The code injected by XSS is executed as legitimate application code giving the attacker full control over the web application executing in the user's browser ie the entire application is compromised with any (read/write/monitoring) , (server side/client side) operation possible.

Attack vectors commonly utilized in XSS attacks

• script : A script tag can be used to reference external JavaScript code
• body : attributes of this tag can be used to refer a script
• img : used by attackers to execute the JavaScript code
• iframe : allows the attacker to embed another HTML page into the current page
• input : directly used to execute script : This tag can contain a script, instead of the normal use of linking to external style sheets
• div : background attribute of this tag can be used to refer a script
• object : Scripts from an external site can be included using this tag.JavaScript events: Another popular XSS vector used by attackers, event attributes, can be applied in a variety of tags. Such attributes as “onerror” and “onload” are examples.

How to prevent XSS attacks

• Validate/Sanitize all user input:  Whenever accepting any data, ensure the format of the data is what you expect. Any user input that is used as part of HTML output introduces a risk of an XSS. Validate user input to catch malicious user input.
  • Server-side sanitization: Web application firewalls are commonly used for mitigating xss and other injection attacks like SQL injection. Most cloud providers provide WAF, for instance, you can deploy AWS WAF on Amazon CloudFront as part of your CDN solution, the Application Load Balancer that fronts your web servers or origin servers running on EC2, Amazon API Gateway for your REST APIs, or AWS AppSync for your GraphQL APIs.  Read more here. https://aws.amazon.com/waf/.  Google provides cloud Armor which provides Pre-configured WAF rules (SQLi & XSS). Read more here https://cloud.google.com/blog/products/identity-security/understanding-google-cloud-armors-new-waf-capabilities. Note that to escape WAF, an attacker may try to encode string characters or encode script in base64 and place it in the meta tag. Read more at https://owasp.org/www-community/attacks/xss. Note that it is better to use a tried, tested, and regularly maintained library on the server side as hackers will manage to fool simple filters by using techniques like hex coding and Unicode character variations. https://owasp.org/www-project-java-encoder/ can be used by java developers. Note that WAF is not sufficient to protect against XSS as new WAF bypass techniques keep coming up. Additionally, WAFs cannot block DOM-Based XSS.
  • Client-side sanitization: DOMPurify is a javascript-based lightweight and secure HTML sanitizer.
  • Sanitization Point to remember with respect to JavaScript pseudo scheme. URLs that use javascript: as the scheme, instead of http: or https: pose XSS risk. When a browser sees such a URL in an HTML document, it typically sees it as JavaScript code that needs to be executed. If the URL is dynamically generated based on user input then there is a clear XSS risk. Developers should analyze application code for any dynamically generated URLs. These are typically found in href and src attributes of HTML elements. Whenever a URL is created with untrusted data, you need to make sure that the URL is safe to use. Frameworks like React, Vue, and angular try to detect/sanitize URLs. Angular approves only of known safe URLs as opposed to React and Vue which block unsafe URLs. In general, looking for bad values is a security antipattern as this would only block known bad values.

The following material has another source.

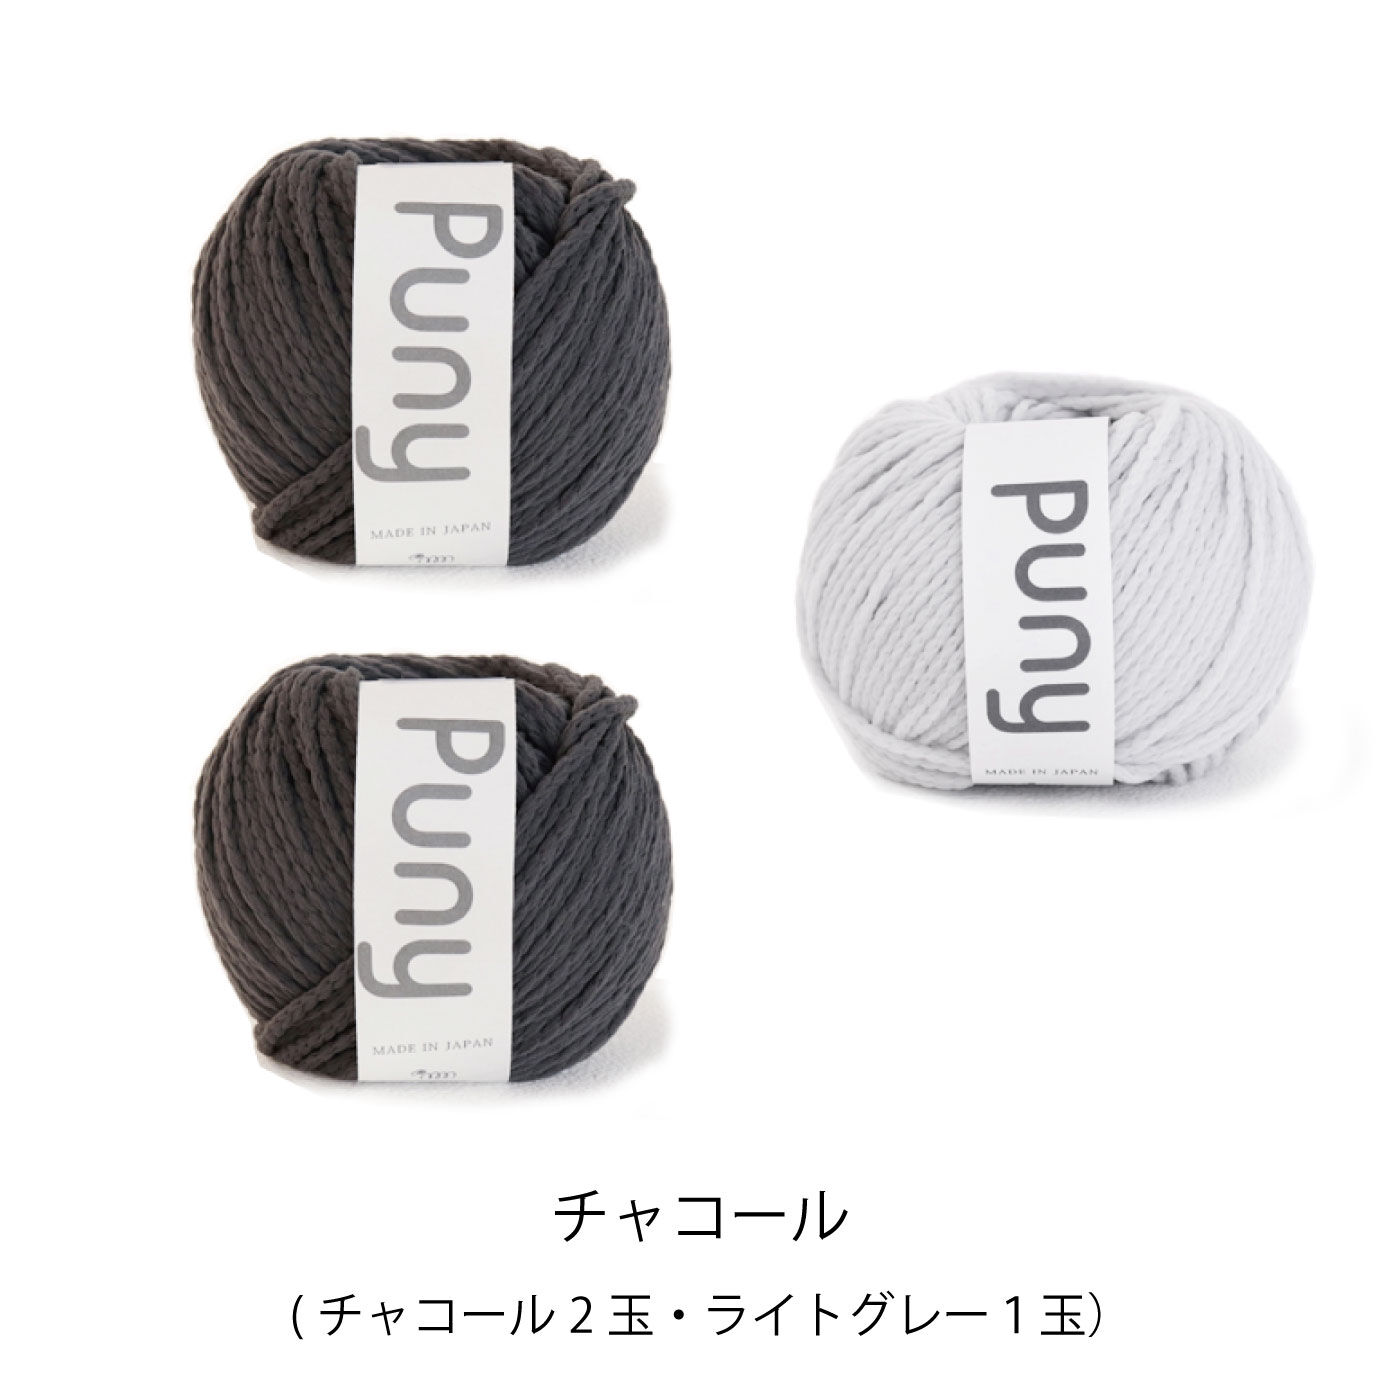 FELISSIMO PARTNERS|ふわ軽毛糸Pｕｎｙで編む　sawada itto：amuri　ちびまるバスケットキット

The better approach is taken by angular where known safe values are allowed.
  • In cases where a web application needs to render dynamic HTML code (based on user input), output encoding cannot be used, and then sanitizing user input is the only solution.
• Use safe sinks:   Untrusted content can be assigned to a safe sink as it will always be interpreted as text, not code. 
  • eg .textConent
  • safe HTML attributes include align, alink, alt, bgcolor, border, cellpadding, cellspacing, class, color, cols, colspan, coords, dir, face, height, hspace, ismap, lang, marginheight, marginwidth, multiple, nohref, noresize, noshade, nowrap, ref, rel, rev, rows, rowspan, scrolling, shape, span, summary, tabindex, title, usemap, valign, value, vlink, vspace, width.
• Set suitable response headers: For example, for JSON, verify that the Content-Type header is application/json and not text/html to prevent XSS.
• Content security policy can be used to reduce the chances of an XSS attack. Read more Content-Security-Policy . CSP is used to control valid sources of executable scripts. for instance, inline script execution can be blocked via CSP.
• Use escaping / encoding of output to ensure any user-supplied data is passed into the DOM only  as strings.” The best defense against XSS is that the browser never interprets data as code. Use an appropriate output escaping/encoding technique depending on where user input is to be displayed. In other words, output encoding is context-sensitive. The contexts are
  • HTML / rendering context (this context is associated with the parsing of HTML tags and their attributes)
    • HTML Attribute
    • URL
    • CSS
  • Javascript/execution context (associated with the parsing and execution of script code)
    • HTML Subcontext (subcontext within execution context)
      • Attributes like innerHTML and functions like document.write which can be used to write HTML content with help of javascript constitute the HTML subcontext within the execution context.
    • HTML Attribute subcontext (subcontext within execution context)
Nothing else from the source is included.